\\
**[[cluster:0|Home]]**
//ok, so this story begins with ... i thought i had met my inability to comprehend new technology when i was shown that disks can run multiple raid levels simultaneously. but this multipathing eclipses that. just weird, therefore worth describing.//
--- //[[hmeij@wesleyan.edu|Henk Meij]] 2007/05/05 14:14//
===== The Problem =====
Our new NetApp FAS 3050c device [[http://www.pcquest.com/content/web/2006/106022211.asp|Read About It]] has some new setups. Although we encountered these problems before we were able to fix it by applying a label to the partition filesystem.
Well, this is totally different. Again, i got started on this since gracious Dell installed not one but two HBA cards into the ionode. They must be given us hidden signals.
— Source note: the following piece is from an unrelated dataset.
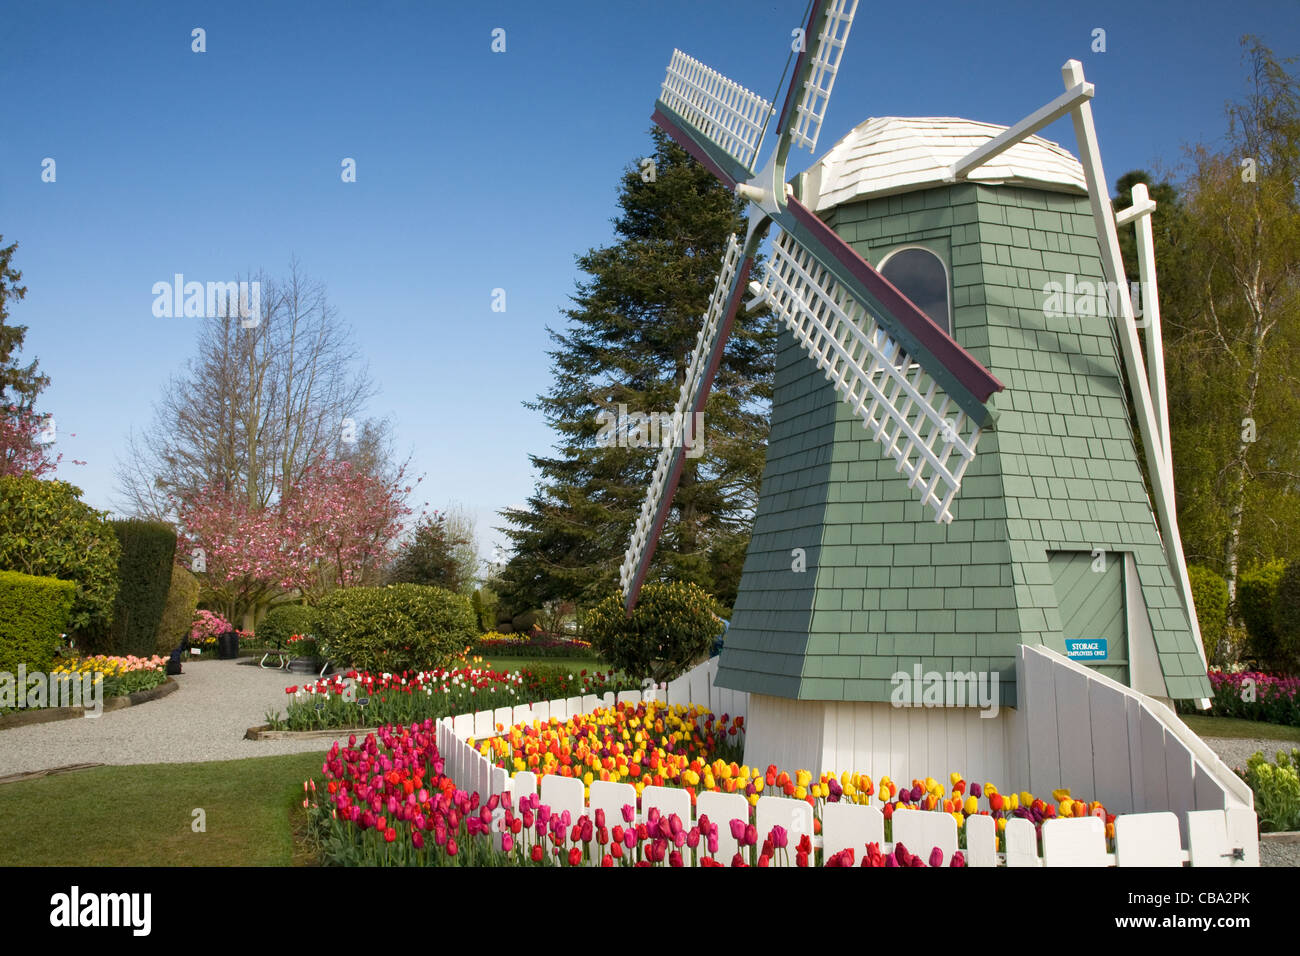 WASHINGTON - Windmühlen und Tulpen im Garten Roozengaarde Birne im Skagit Valley in der Nähe von Mount Vernon. Stockfoto
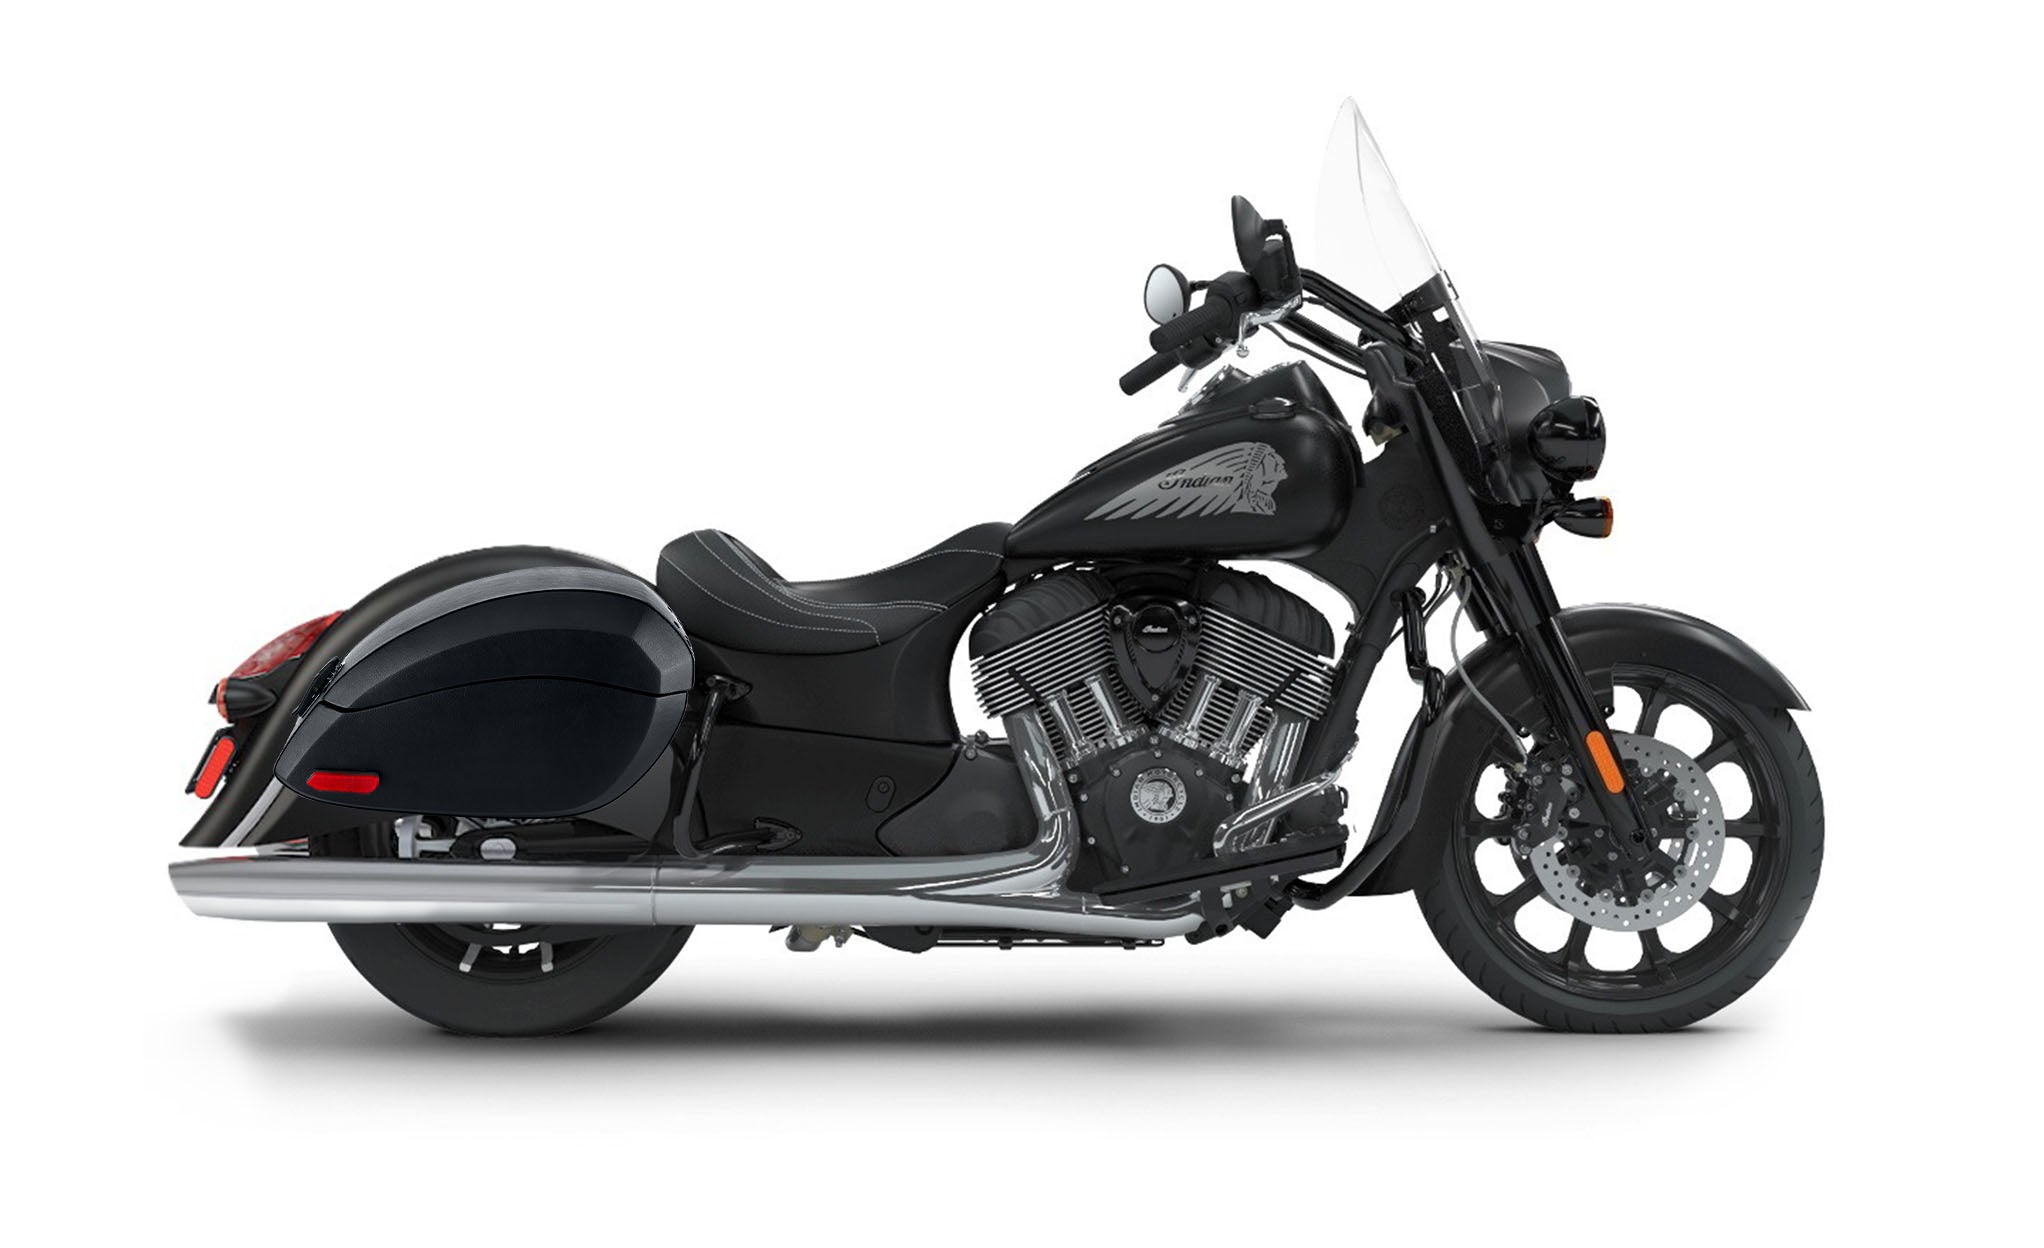 Viking Phantom Large Indian Springfield Darkhorse Leather Wrapped Motorcycle Hard Saddlebags on Bike Photo @expand

So the HBA cards were connected via fiber cable to network switch #3 and #4, and you guessed it, filer3 and filer 4 are connected respectively.
What's new is that both filers share the same [[http://en.wikipedia.org/wiki/WWPN|WWPN]] (World Wide Port Name, so wikipedia isn't always useful ...). That means when a linux clients sends a query to the filer, both answer.
For example, i created 3 LUNs on a 26*500 GB disk raid group attached to filer3 only! sda is the local disk. sdb, sdc and sdd are my LUNs. and so are sde, sdf and sdg.
* That's good because we can use this multipath to route traffic via two fiber channels to the filers.
* That's bad because we may end up with corruption and confusion.
[root@ionode-1 ~]# fdisk -l
Disk /dev/sda: 79.4 GB, 79456894976 bytes
255 heads, 63 sectors/track, 9660 cylinders
Units = cylinders of 16065 * 512 = 8225280 bytes
Device Boot Start End Blocks Id System
/dev/sda1 1 9 72261 de Dell Utility
/dev/sda2 * 10 1284 10241437+ 83 Linux
/dev/sda3 1285 1794 4096575 82 Linux swap
/dev/sda4 1795 9660 63183645 5 Extended
/dev/sda5 1795 9660 63183613+ 83 Linux
Disk /dev/sdb: 1099.5 GB, 1099529453568 bytes
255 heads, 63 sectors/track, 133676 cylinders
Units = cylinders of 16065 * 512 = 8225280 bytes
Disk /dev/sdb doesn't contain a valid partition table
Disk /dev/sdc: 104 MB, 104857600 bytes
4 heads, 50 sectors/track, 1024 cylinders
Units = cylinders of 200 * 512 = 102400 bytes
Disk /dev/sdc doesn't contain a valid partition table
Disk /dev/sdd: 104 MB, 104857600 bytes
4 heads, 50 sectors/track, 1024 cylinders
Units = cylinders of 200 * 512 = 102400 bytes
Disk /dev/sdd doesn't contain a valid partition table
Disk /dev/sde: 1099.5 GB, 1099529453568 bytes
255 heads, 63 sectors/track, 133676 cylinders
Units = cylinders of 16065 * 512 = 8225280 bytes
Disk /dev/sde doesn't contain a valid partition table
Disk /dev/sdf: 104 MB, 104857600 bytes
4 heads, 50 sectors/track, 1024 cylinders
Units = cylinders of 200 * 512 = 102400 bytes
Disk /dev/sdf doesn't contain a valid partition table
Disk /dev/sdg: 104 MB, 104857600 bytes
4 heads, 50 sectors/track, 1024 cylinders
Units = cylinders of 200 * 512 = 102400 bytes
Disk /dev/sdg doesn't contain a valid partition table
===== Multipath LUNs =====
We install on the ionode the appropriate package, so ...
[root@ionode-1 qlafc-linux-8.01.04-3-install]# rpm -q device-mapper
device-mapper-1.02.02-3.0.RHEL4
device-mapper-1.02.02-3.0.RHEL4
1041 up2date --get device-mapper-multipath
1043 ls /var/spool/up2date/
=>heck where did it go?
1044 find / -name 'device-mapper-multipath-0.4.5-21.RHEL4.x86_64.rpm'
/state/partition1/home/install/ftp.rocksclusters.org/pub/rocks/rocks-4.1.1/rocks-dist\
/rolls/updates/4.1.1/x86_64/RedHat/RPMS/device-mapper-multipath-0.4.5-21.RHEL4.x86_64.rpm
=> oh.
Guess OCS patched up2date, so i moved the RPM to /share/apps/filer, and ...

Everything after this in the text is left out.